The Rugby Football Union denied Monday they had approached Australia coach Michael Cheika about the possibility of succeeding England boss Stuart Lancaster.
Australian press reports said RFU president Jason Leonard had made contact with Cheika during the Wallabies' World Cup campaign in England.
However, a spokesman for the RFU, England's national governing body, said Monday: "There has been no contact."
Cheika, contracted to the Australian Rugby Union (ARU) until 2017, is now one of the highest profile names in international rugby coaching after guiding the Wallabies to the World Cup final just a year after taking charge.
The 48-year-old Australian also boasts an impressive club coaching record, having won the European Cup with Irish province Leinster and the southern hemisphere Super Rugby title with the New South Wales Waratahs.
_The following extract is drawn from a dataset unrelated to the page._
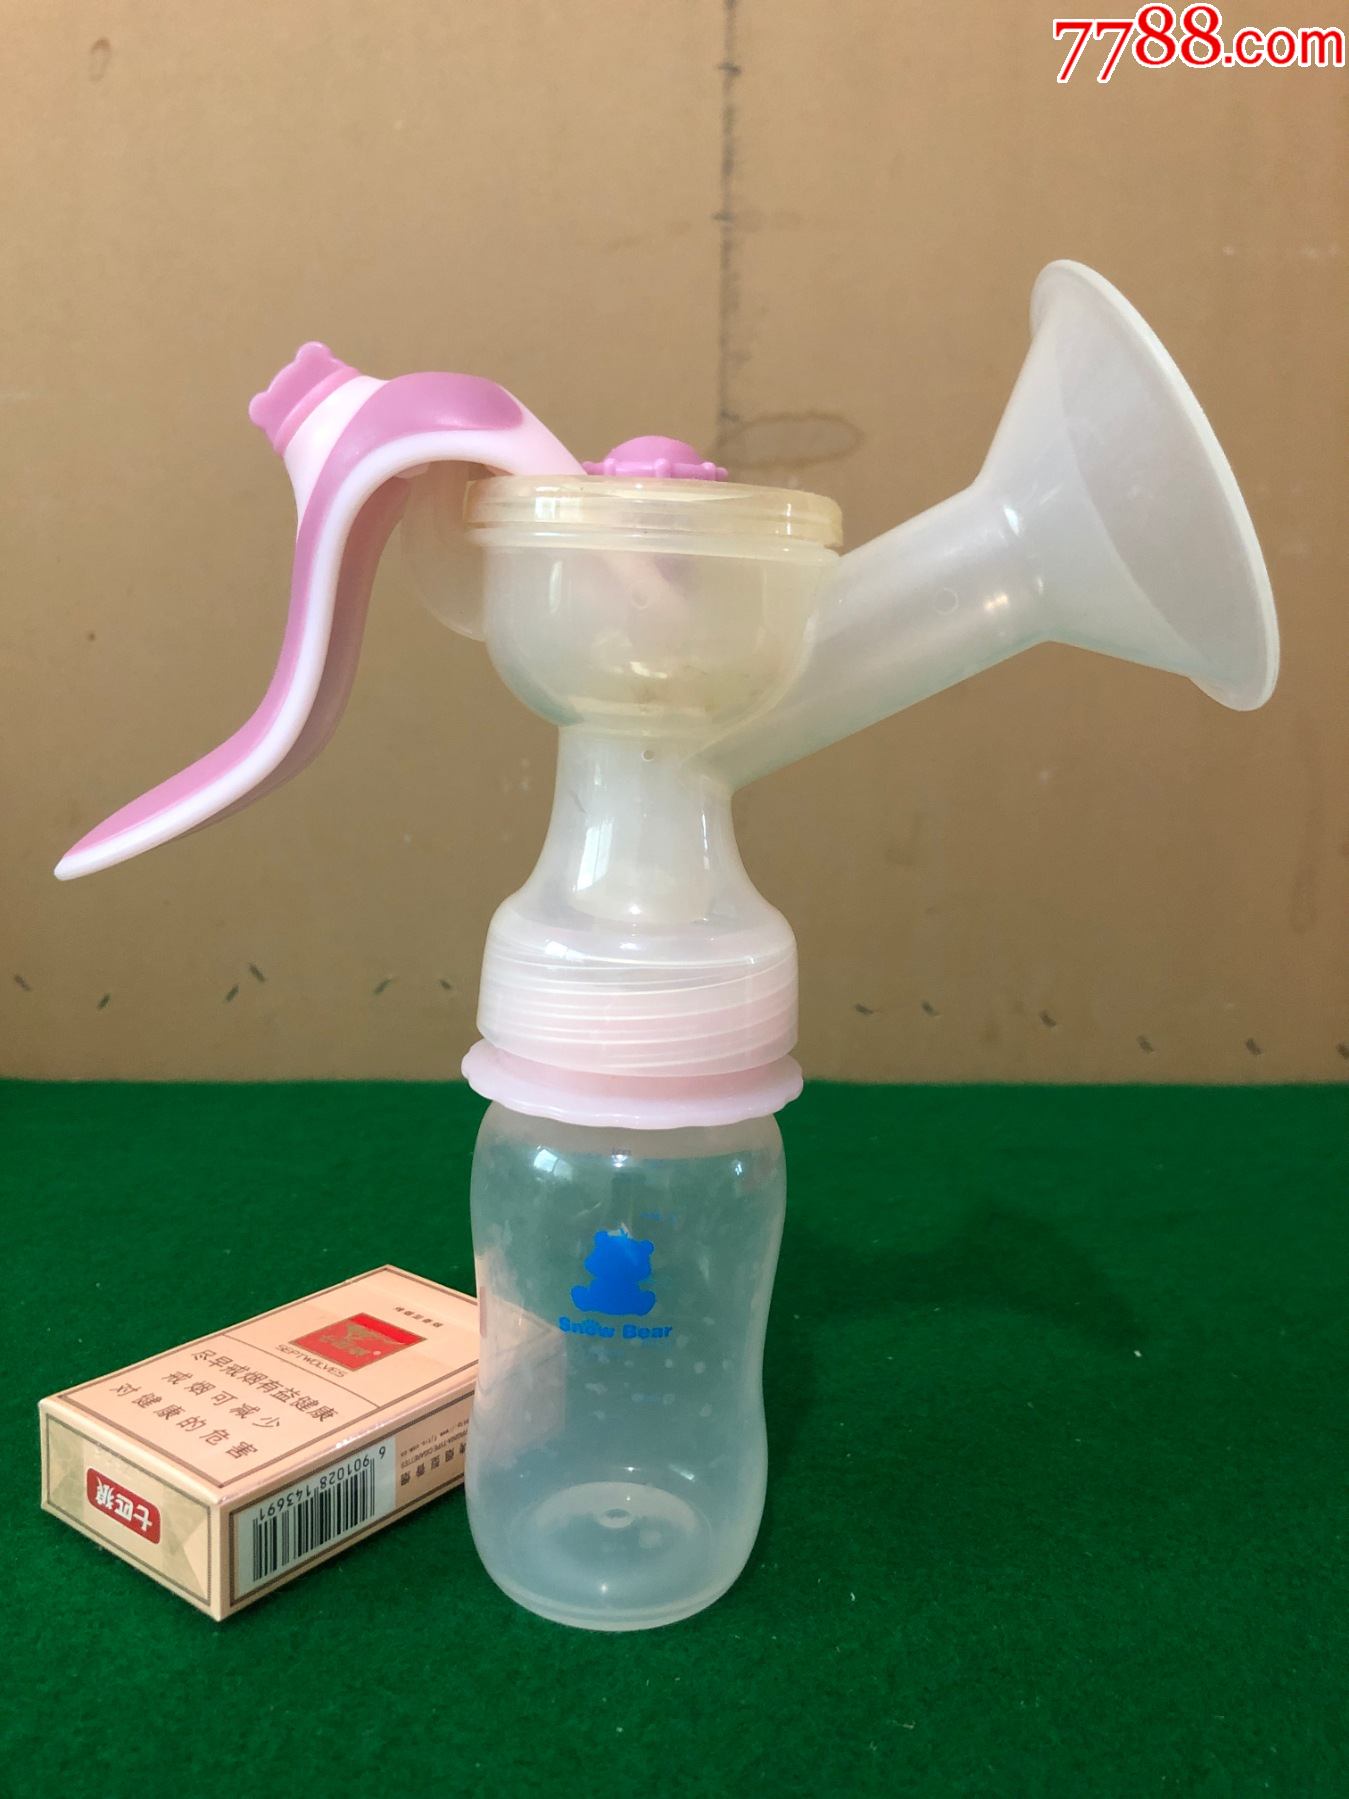 紫莓兔充电式电动吸奶器 吸乳器静音挤奶集奶器母婴用品非手动FDA-阿里巴巴

A day after the World Cup final, which Australia lost 34-17 to defending champions New Zealand at Twickenham on October 31, Cheika was named World Rugby's coach of the year.
Former Leeds coach Lancaster has a rather more modest CV but what has really put his position in jeopardy is that, under him, England became the first World Cup host nation to be eliminated from the tournament in the pool phase following defeats by Wales and Australia.
The RFU set-up a five-man panel to review England's dismal World Cup campaign and Twickenham chiefs are due to receive their report on November 17.
One of the key decisions facing the RFU is whether to stick with Lancaster, whose England contract runs beyond the 2019 World Cup in Japan, or bring in someone else.
According to The Australian newspaper, former England international Leonard -- a World Cup-winning prop back in 2003 -- made contact with Cheika, who indicated after this year's final that he wanted to carry on his work with the Wallabies.
England have never had an overseas coach and, with Lancaster not having resigned, there is no vacancy at the present time.
But that hasn't stopped a flood of speculation about who might replace the Englishman.
In addition to Cheika, the likes of Wales boss Warren Gatland and Ireland's Joe Schmidt -- both New Zealanders -- as well as South Africa's Nick Mallett have all been linked with the England job.
So too has Eddie Jones, the Australian who was in charge of the Wallabies when England beat them in the 2003 final, after his impressive feat in guiding Japan to three wins at this year's edition, including a shock victory over rugby giants South Africa -- the biggest World Cup upset of them all.
Cheika will be back in England later this month to coach a star-studded Barbarians side, mainly made up of players from Australia, New Zealand and South Africa, in the invitational side's 125th anniversary fixtures against Gloucester at Kingsholm on November 17 and Argentina at Twickenham four days later.